İlginçtir ki, vagus siniriniz iki yönlü bir yoldur. Yavaş ve kontrollü bir şekilde nefes alarak beyninize rahatladığınıza ve korkacak bir şey olmadığına dair güçlü bir sinyal gönderirsiniz. Bu da kalp kasının belirli kısımlarını uyarır ve nabzın sabit kalmasına yardımcı olur.
Feinstein, düzenli olarak uygulandığında, genellikle bir nefes alma teknikleri çekirdeği etrafında inşa edilen farkındalık meditasyonu gibi daha uzun vadeli uygulamaların, insanların atakları tutmadan önce bastırmalarına yardımcı olabileceğini söylüyor. “[Farkındalık] insanlara içgüdüsel deneyimleriyle yeni bir ilişki öğretiyor” diye açıklıyor. Rahat bir ortamda dikkatli bir şekilde nefesinize ve kalp atışınıza odaklanmak, günlük yaşamda hızlandığında paniğe dönüşen herhangi bir refleks atlamadan kurtulmanıza yardımcı olabilir.
Terapi de yardımcı olabilir. Aaronson’ın grubu, yaşam olaylarına karşı davranışsal tepkilerinizi kademeli olarak değiştirmenize yardımcı olmak için tasarlanan bilişsel davranışçı terapinin, frontal korteks ve amigdala arasındaki nöral bağlantıları güçlendirebileceğini buldu. Bu, panik hastalarını, kendilerini uçurumdan aşağı konuşmakta daha usta hale getirir.

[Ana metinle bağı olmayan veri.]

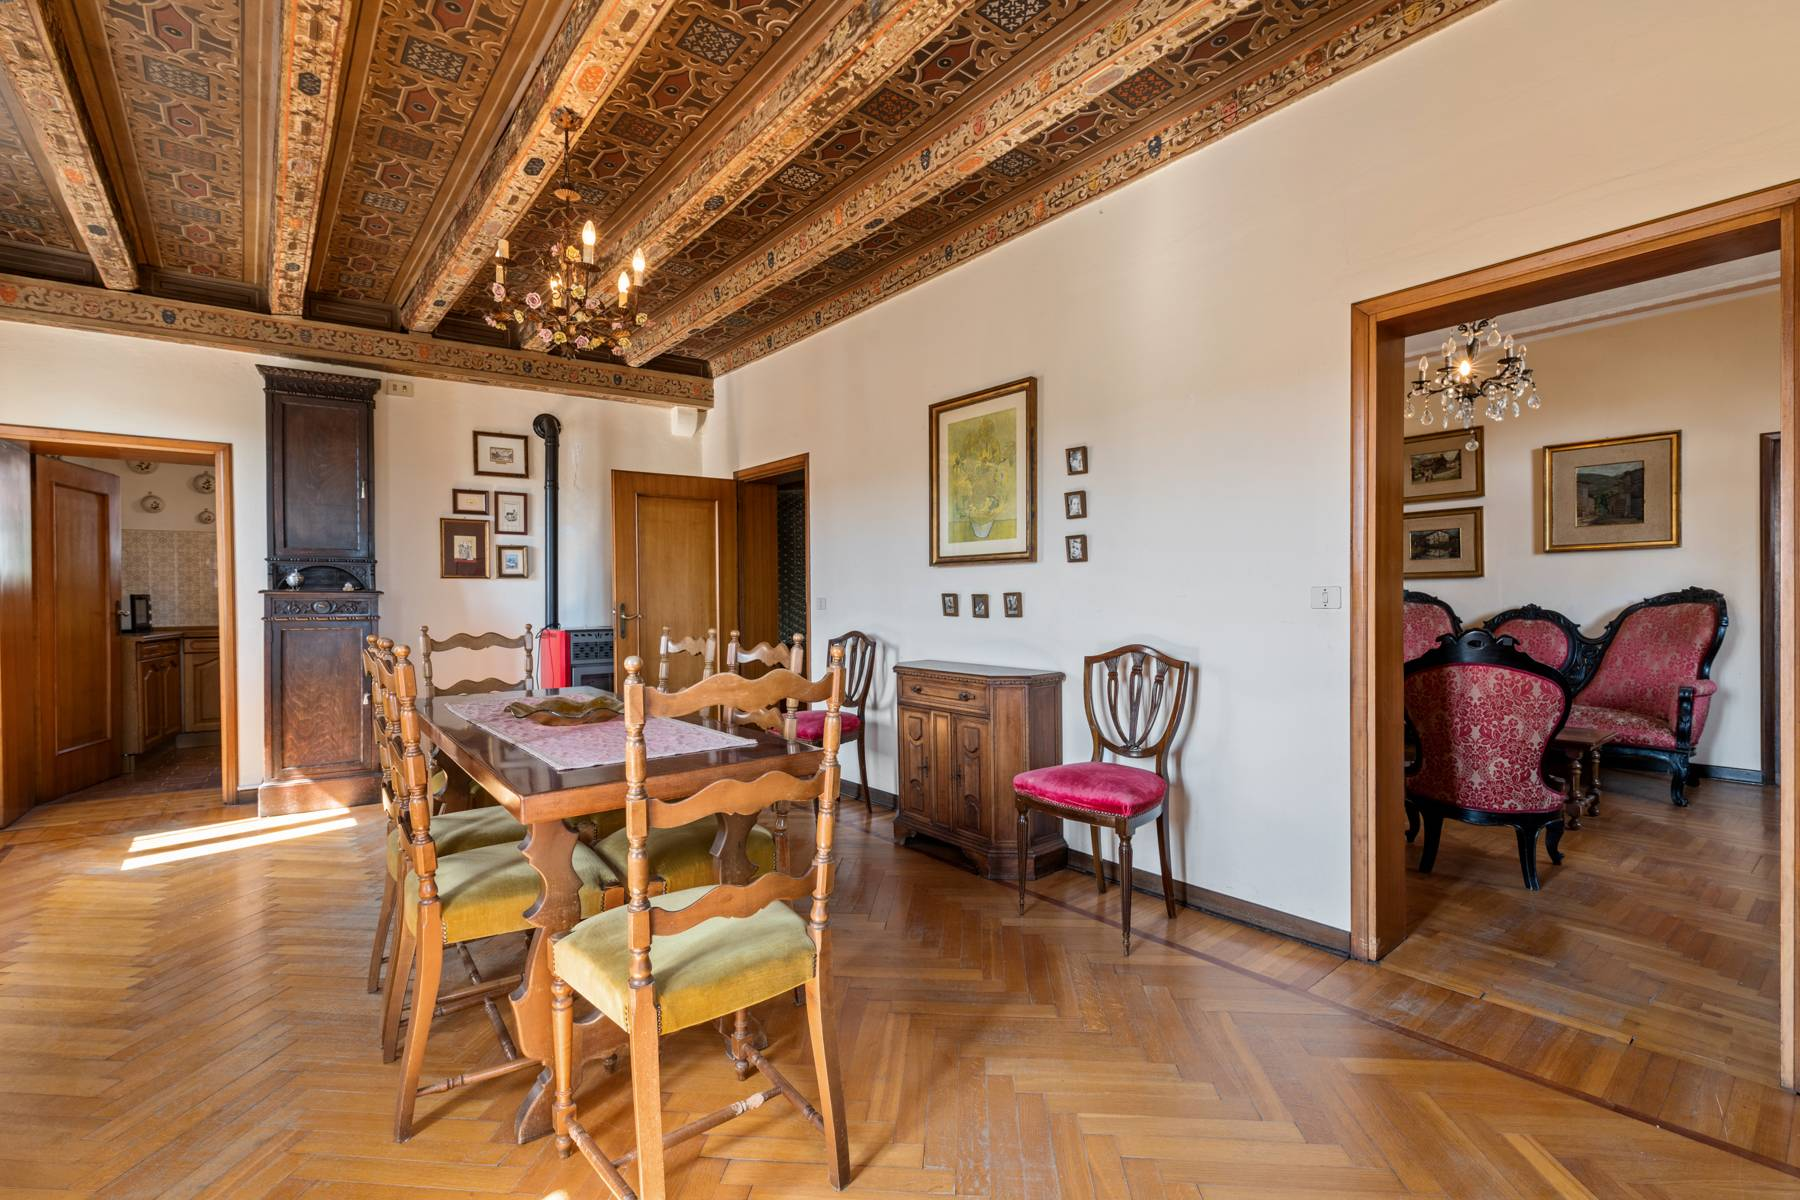 Elegant 17th century Venetian Villa with park on the hills of Treviso - 6

Aaronson, “Nihayetinde, panik ataklar sadece korku korkusudur” diyor. Yalnızca ABD’de, herhangi bir yılda 10 Amerikalıdan en az 1’i panik atak geçiriyor – kötü bir grip mevsiminde hastalanmakla aynı sayı – bu yüzden eğer sizde bir panik atak yaşıyorsanız, bilin ki çok fazla arkadaşınız var.
Ve tıpkı vücudunuz grip virüsüne ateşi yakarak tepki verdiği gibi, bazen korkuya da panik atak ateşleyerek tepki verebilir. Ancak biraz yardım ve cephaneliğinizdeki birkaç önemli teknikle, rüzgarı paniğin yelkenlerinden çıkarabilirsiniz. “Eğer [korkmuyorsan], o zaman gerçekleşmesi kimin umurunda?” Aaronson diyor. “Geçer.”